Sprucing up Bedrooms with Material and Furnishings

Fabric Adds Drama to Decorating Focus your decorating around something you love, such as a significant piece of fabric.
Remodeling this attic bedroom (at right) and bath into a gracious retreat started with the house owner's love of toile de Jouy fabric. Toile is a beautiful patterned fabric which was first utilized in France in the 18th century.
To strengthen the material's blue-and-white palette, the ceilings and walls are decoratively striped and painted in velvety whites and paler blues. Scraps of toile material cover the shades of swing-arm reading lights.

Toile is repeated in the bath to visually connect the 2 adjoining areas. The fabric covers a flea-market vanity and mirror frame, and puts a womanly twist on a director's chair, shower drape, and window valance. A deep-blue semigloss paint surface includes high contrast to the wall.
Southwest Furniture-Finishing Techniques
Check out these furniture-finishing techniques that catch the distinct look of the Southwest.
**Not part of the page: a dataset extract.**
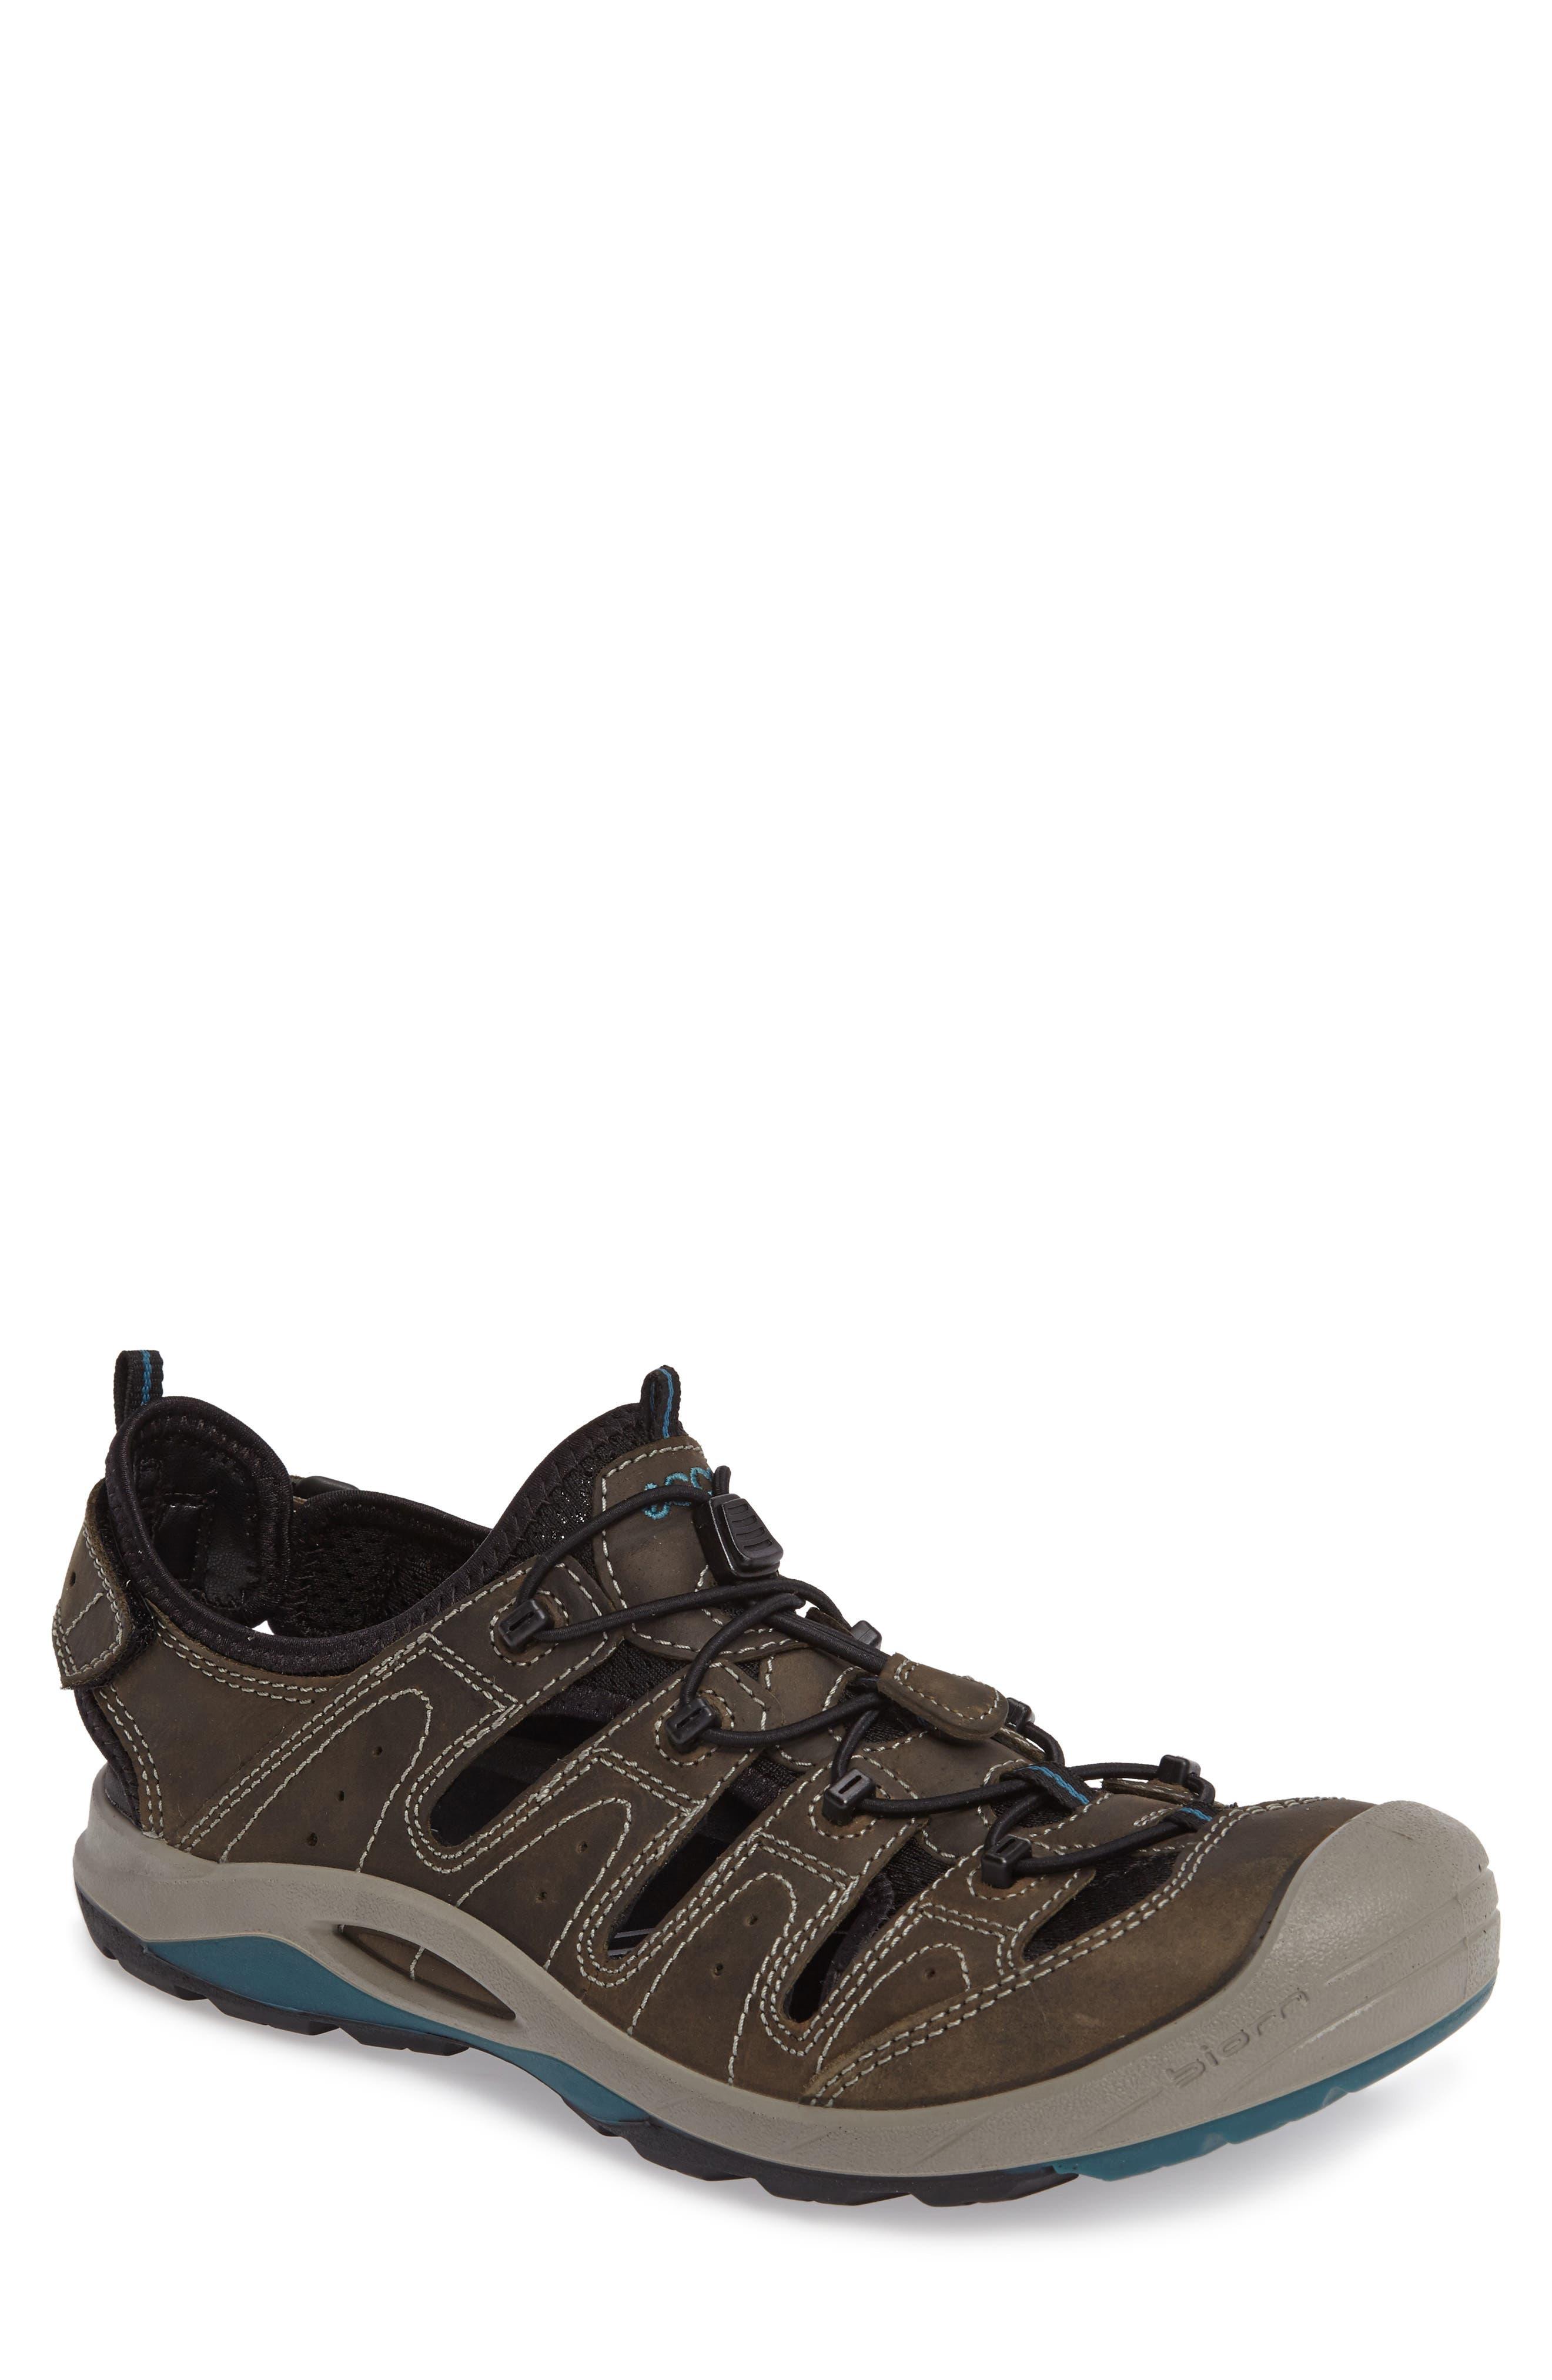 'BIOM Delta Offroad' Sandal,                             Main thumbnail 1, color,                             Tarmac/ Black

In keeping with an aesthetic that's of the Southwest as well as grounded in American furnituremaking customs, Roy and Carol Nowacki, owners of The Bunk Home, a furnishings and antiques shop in Corrales, New Mexico, craft their furnishings from pine. Next, they distress each piece with a paddle pierced with screws (to offer the look of wormholes), a crowbar (to make damages that'll take the stain in a different way and develop dark streaks), wire brushes, or a brick.
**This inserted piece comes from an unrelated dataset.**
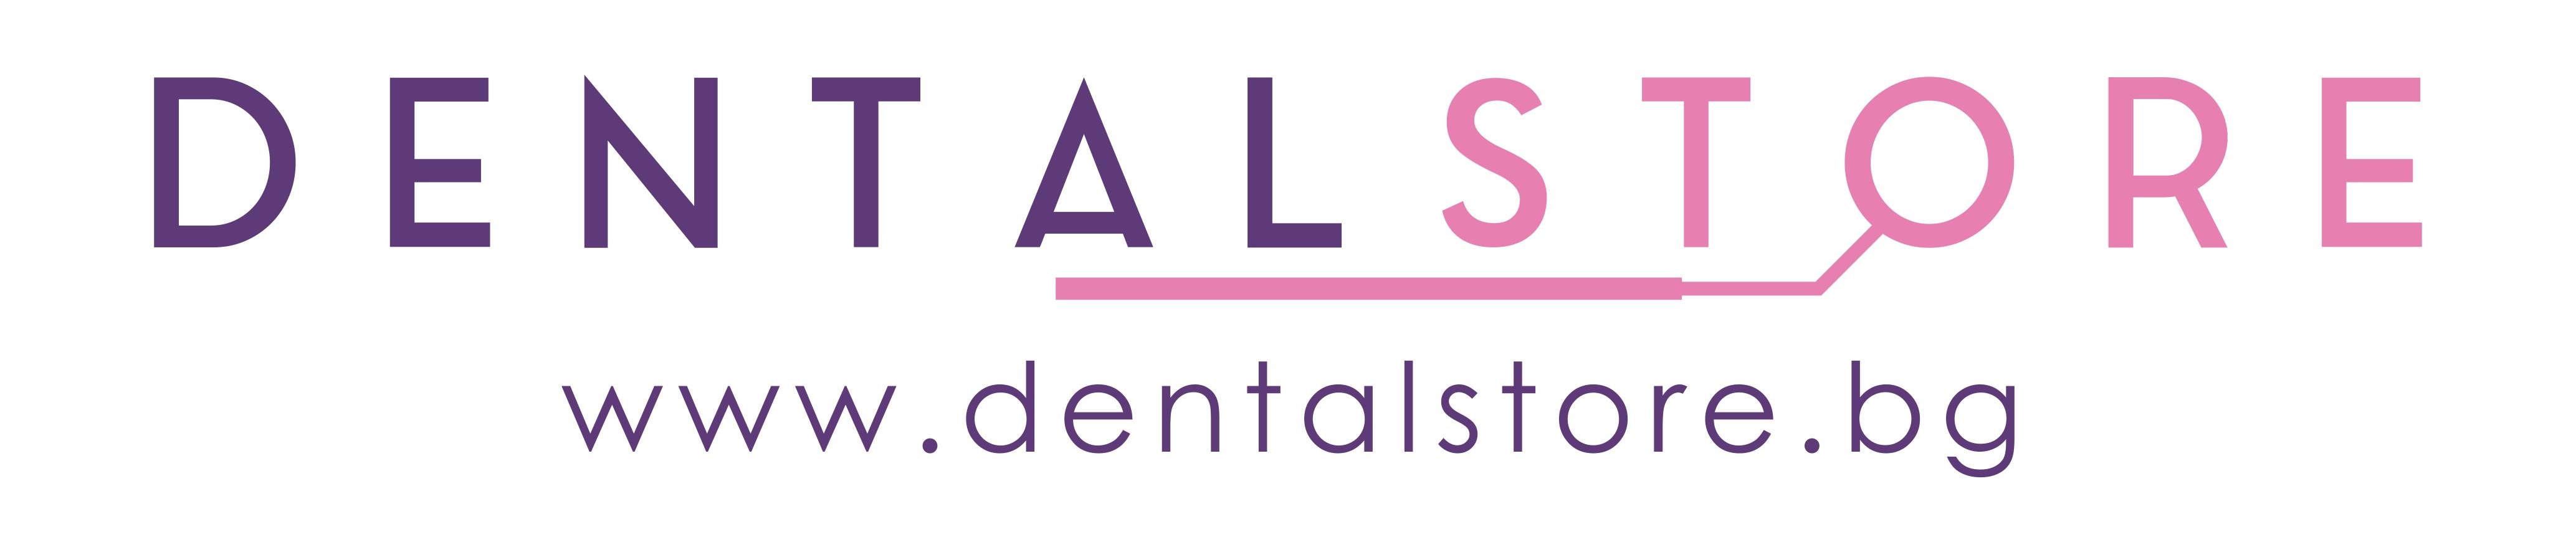 Dental store

Each piece is then ended up with irregular levels of spots as well as layers of paint that are sanded and dry-brushed (see image at right), then lastly burnished with abundant coats of pigmented beeswax.
Ornamental manages or latches include the final touches to a piece.
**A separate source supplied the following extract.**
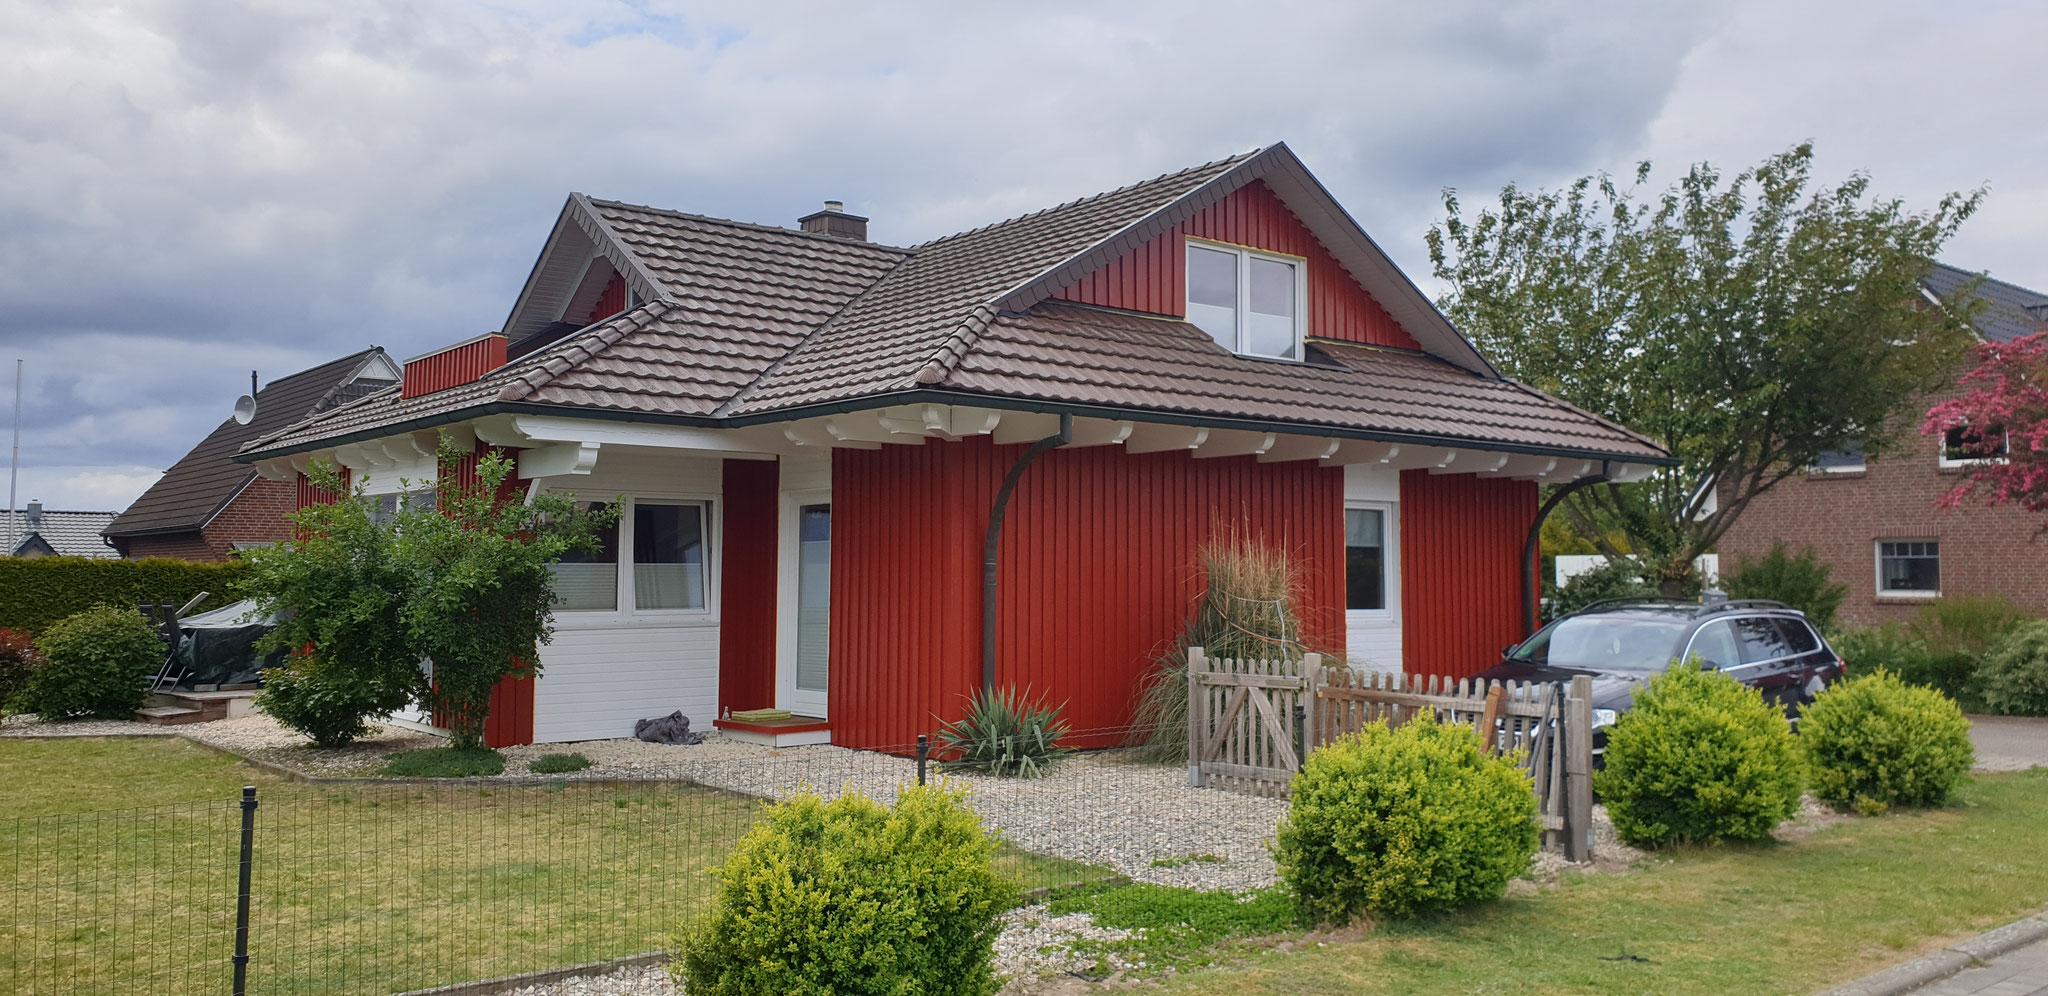 Fassadenrenovierung

" To avoid having the wood look flat you need to develop up its surface, just as an expert would do a painting," encourages Carol. "You do that with wax, pigments, and paints." And lots of effort.
" Whenever I wish to paint a piece I'll stain it initially, then layer various colors atop the stain. After the paint is dried, I'll take a wire brush to it so that I can pull various layers of color out in unpredictable places-- and even go right down to the stain to take out the wood's natural grain."